-- Activity --
Your output must be the lines below from the line containing "PS5 Games Like Alan Wake" to the line containing "STELLUNGSKUNDMACHUNG 2009 Auf", both lines included, reproduced exactly and without pictures.

-- Provided material --
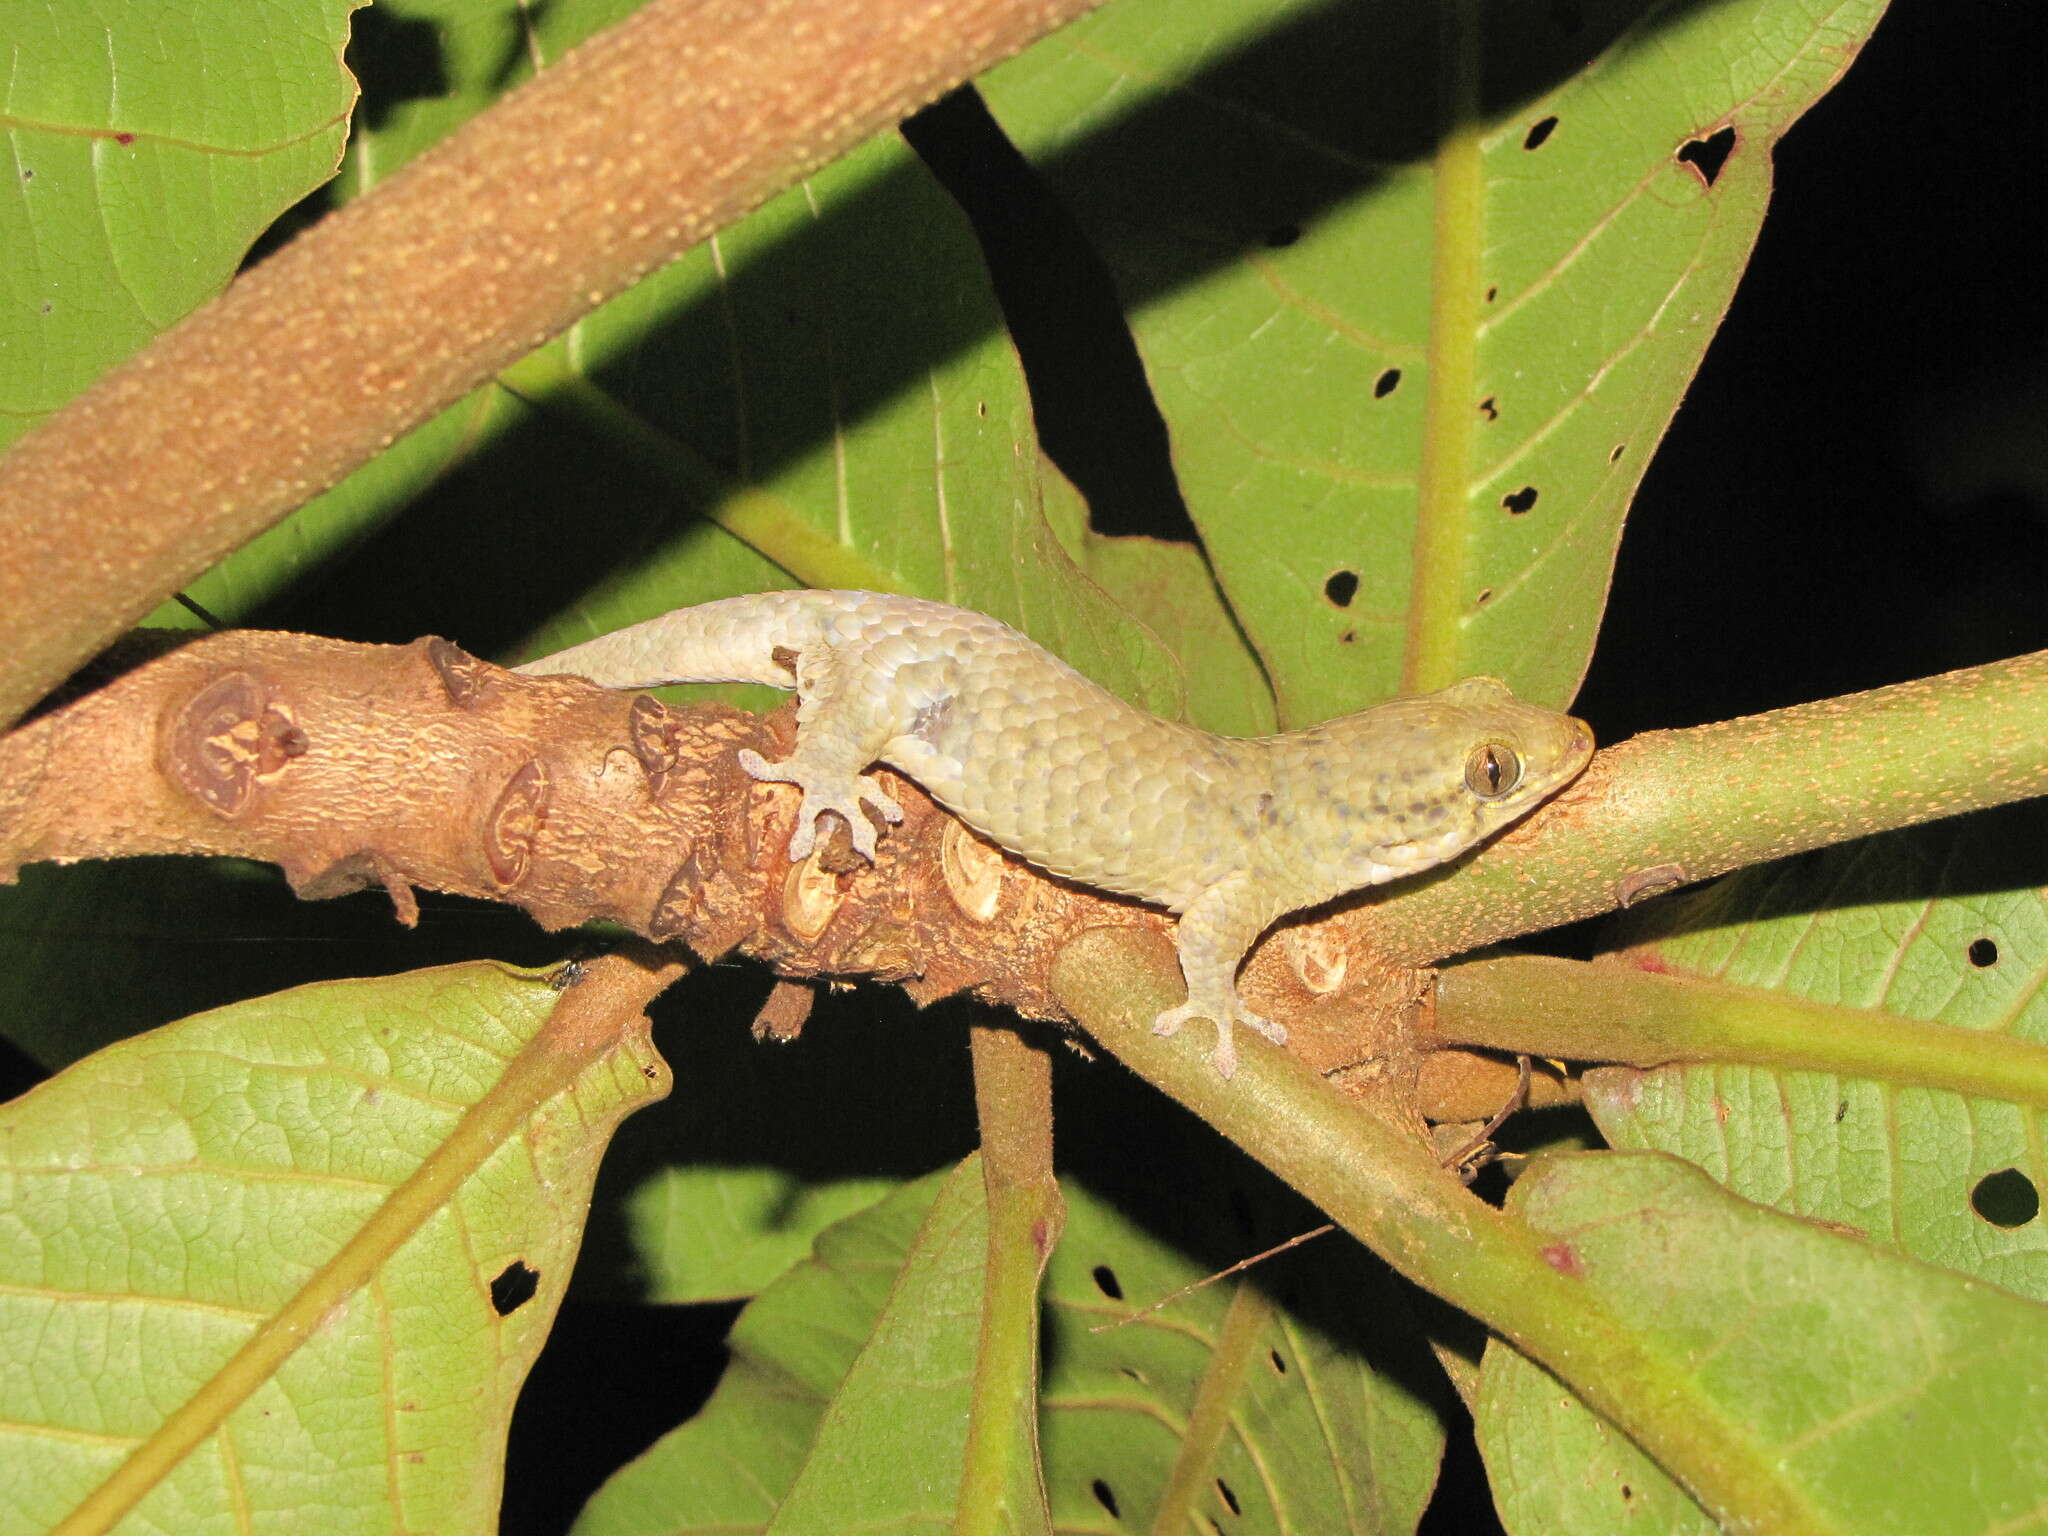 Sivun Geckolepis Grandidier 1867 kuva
...
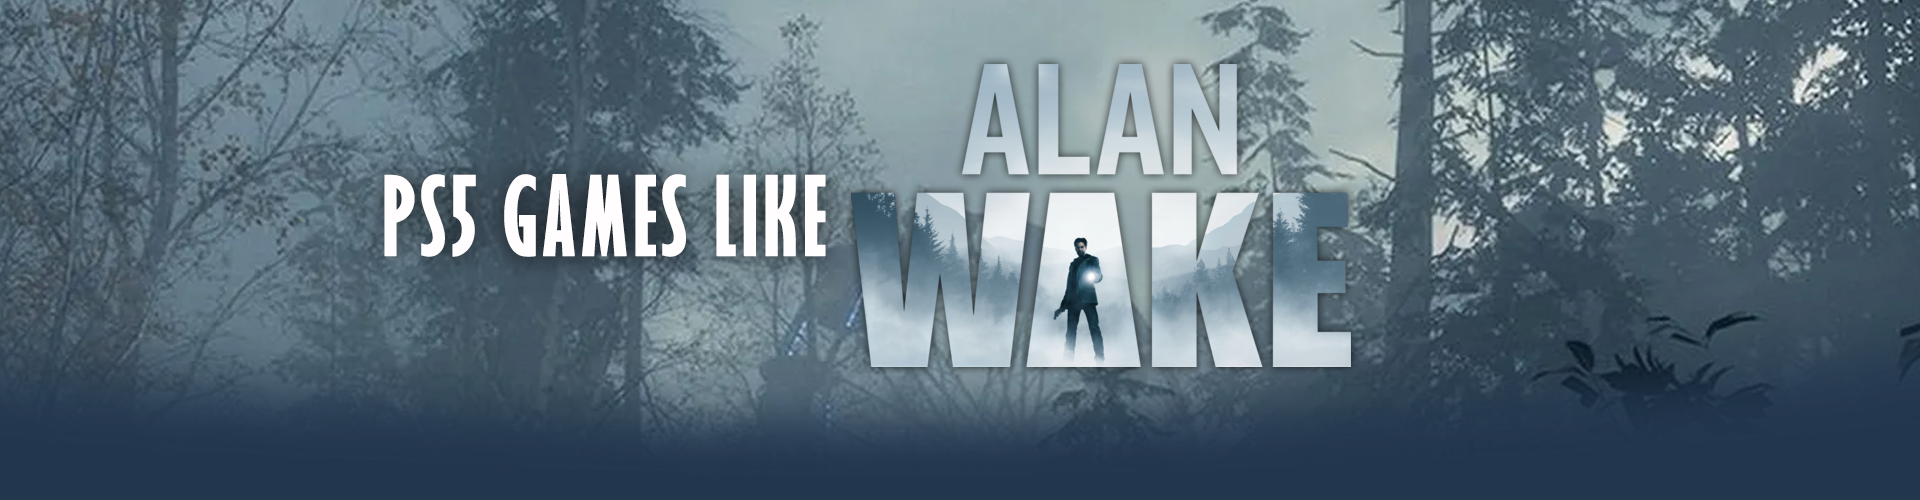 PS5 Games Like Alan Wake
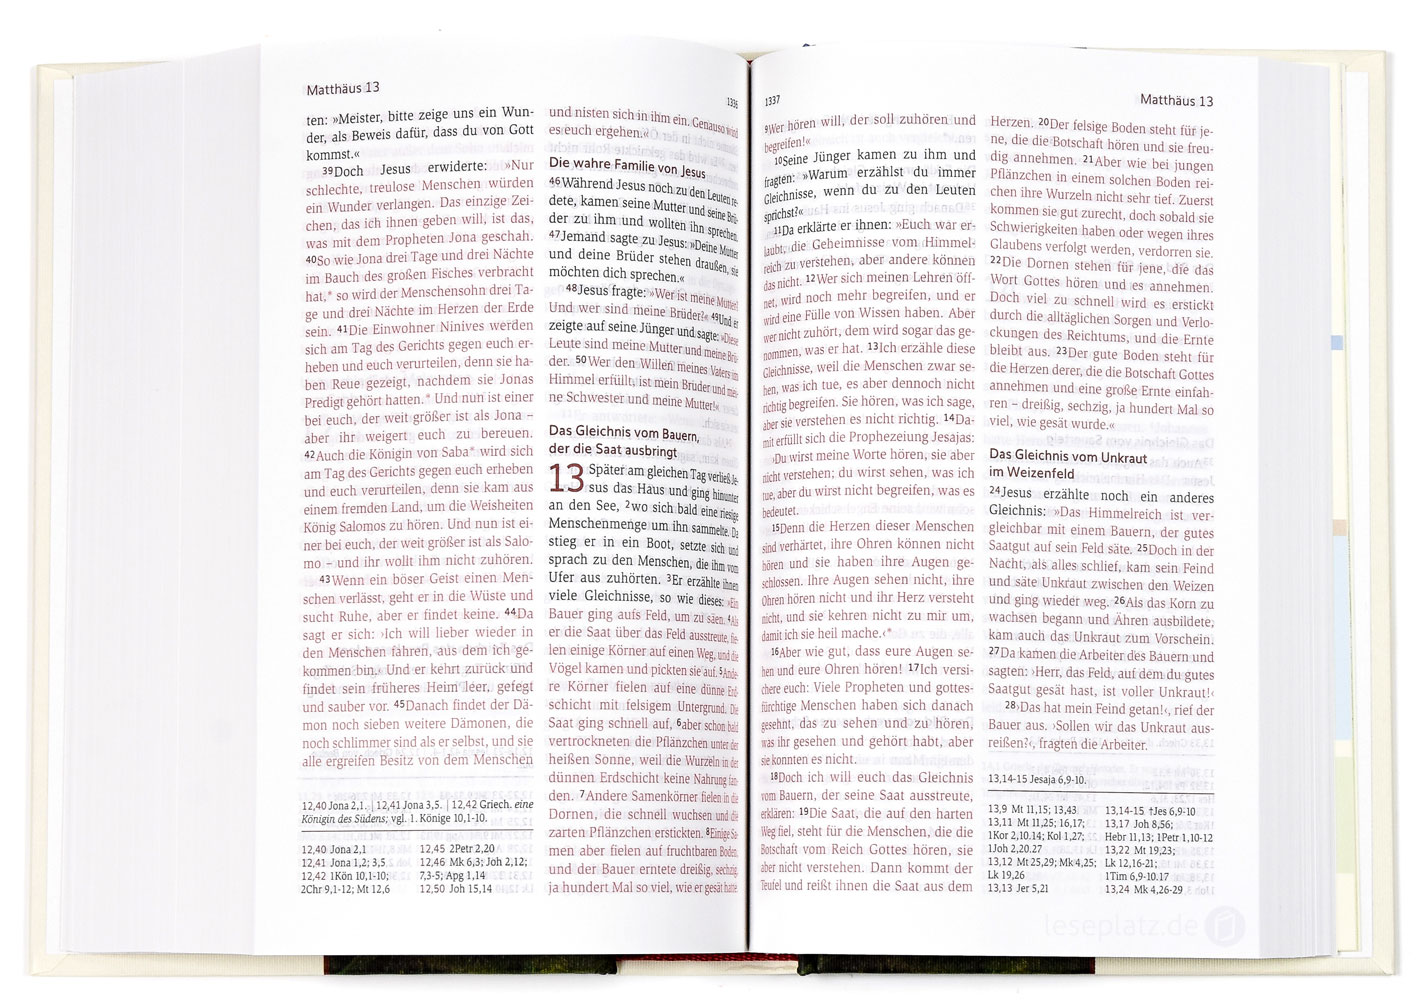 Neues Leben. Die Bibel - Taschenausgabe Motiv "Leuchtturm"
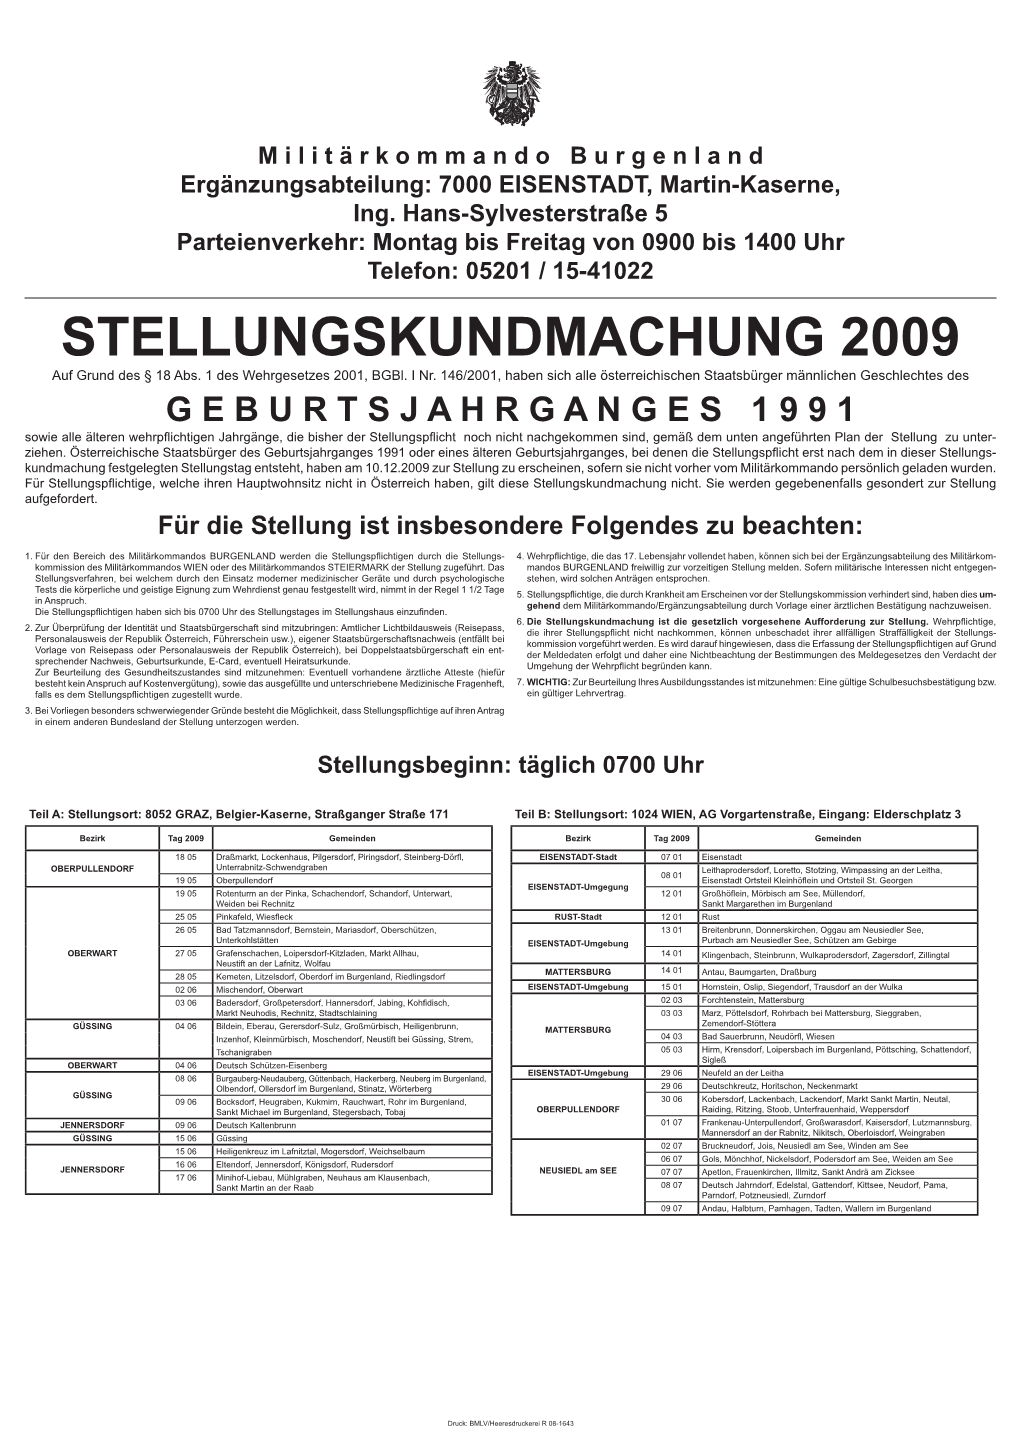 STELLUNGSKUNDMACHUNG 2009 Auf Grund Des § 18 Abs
==
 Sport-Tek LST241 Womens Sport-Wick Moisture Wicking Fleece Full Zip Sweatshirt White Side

-- Solution --
 PS5 Games Like Alan Wake
 Neues Leben. Die Bibel - Taschenausgabe Motiv "Leuchtturm"
 STELLUNGSKUNDMACHUNG 2009 Auf Grund Des § 18 Abs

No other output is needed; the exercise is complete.